Because the story is part of a larger collection, you can find it by searching for the full volume.

) are rarely hosted legally for free download, you can access the text through educational archives and library loans. Where to Find the Text Internet Archive : You can borrow the entire collection Tell Me a Riddle for free through the Internet Archive Digital Library

Have you read "O Yes" or other stories from Tell Me a Riddle ? Share your thoughts below—just don’t ask for direct PDF links in the comments, as we respect copyright law.

Reading the PDF allows you to see Olsen’s masterful use of (blending the narrator’s voice with the child’s thoughts). You can search the document for the repeated phrase "O Yes" to track the rhythm of the sermon and the slow decay of the friendship.

Tillie Olsen’s “O Yes” begins in the intimate, seemingly innocent world of two young girls—one white, one Black—who are “best friends” in a postwar American city. Yet by the story’s end, that friendship has been systematically dismantled, not by malice, but by the slow, grinding forces of racialized poverty, separate schooling, and religious difference. Olsen, a writer deeply shaped by leftist and feminist politics, refuses the sentimental narrative of individual goodwill overcoming racism. Instead, she shows how even the closest cross-racial childhood bond is no match for the institutional walls that rise between children as they grow.
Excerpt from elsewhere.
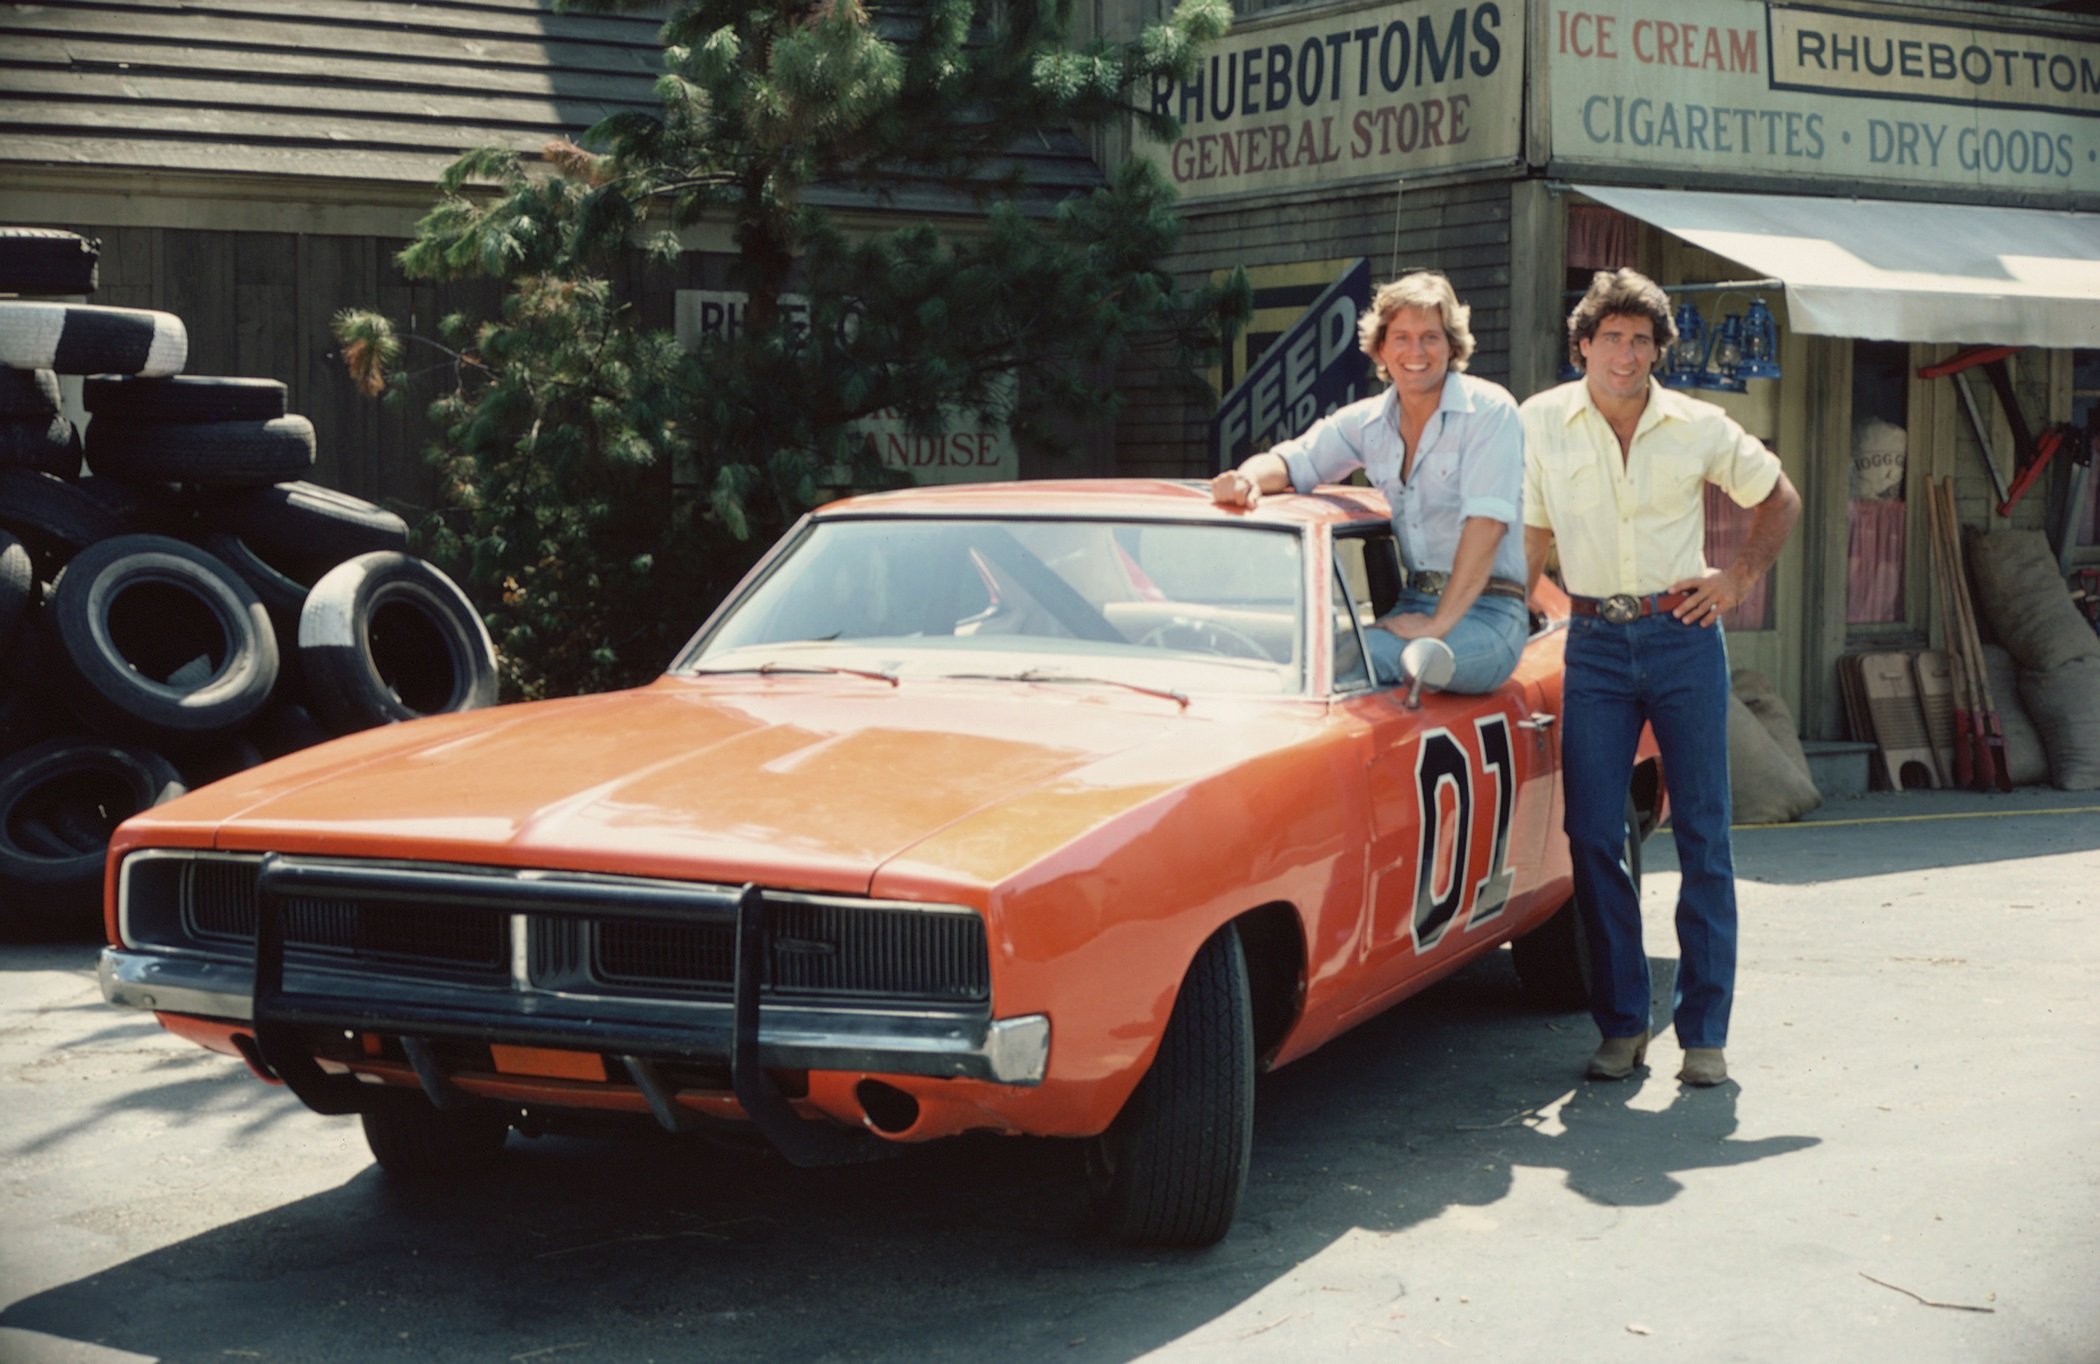 Byron Cherry and Christopher Mayer pose with the iconic The Dukes of Hazzard car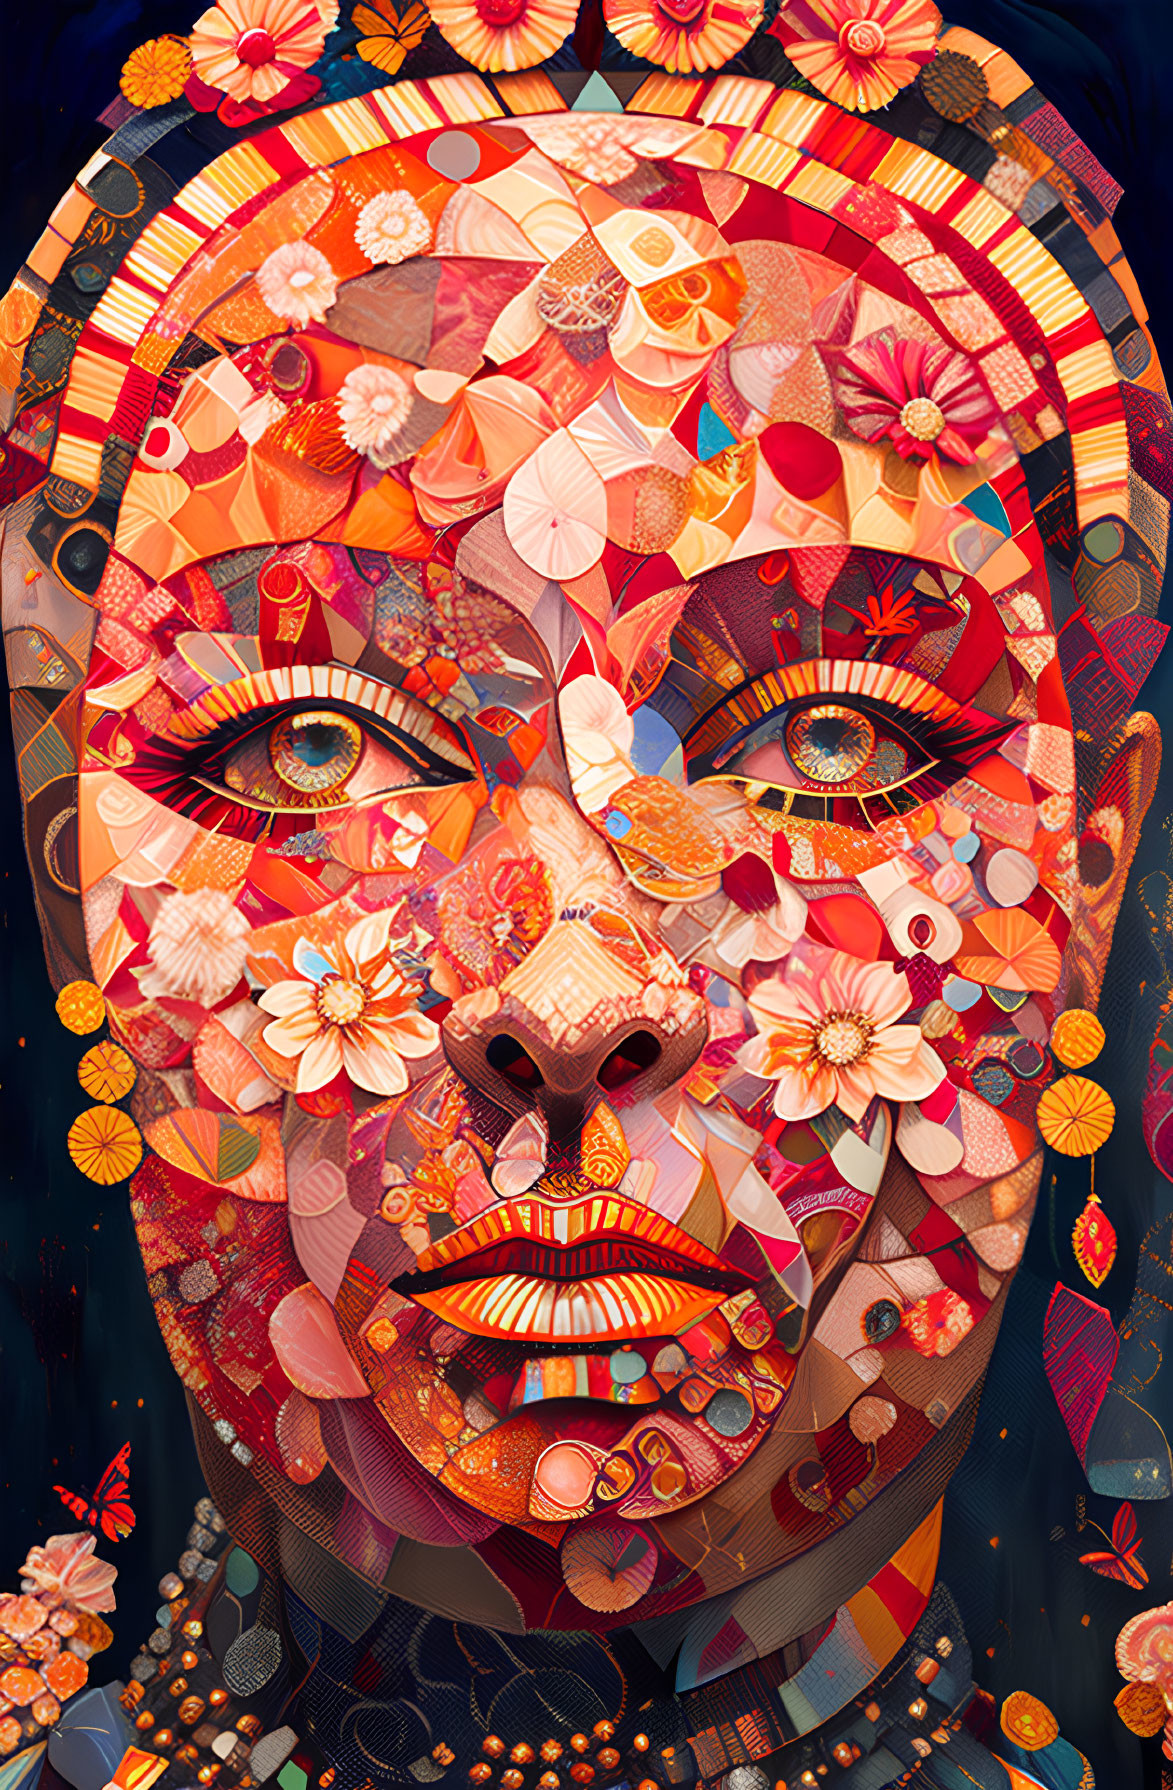 Colorful mosaic-style face illustration with floral and geometric patterns in warm tones and blue eyes

Through the widening rift between Carol (white) and Parry (Black), and the parallel, more painful rift between their mothers, “O Yes” argues that in a segregated, class-divided society, connection is possible only as a fragile prelude to loss.

Unlike Olsen’s more famous stories, such as I Stand Here Ironing or the title piece Tell Me a Riddle , "O Yes" focuses on the fragile boundary between childhood friendship and racial awakening.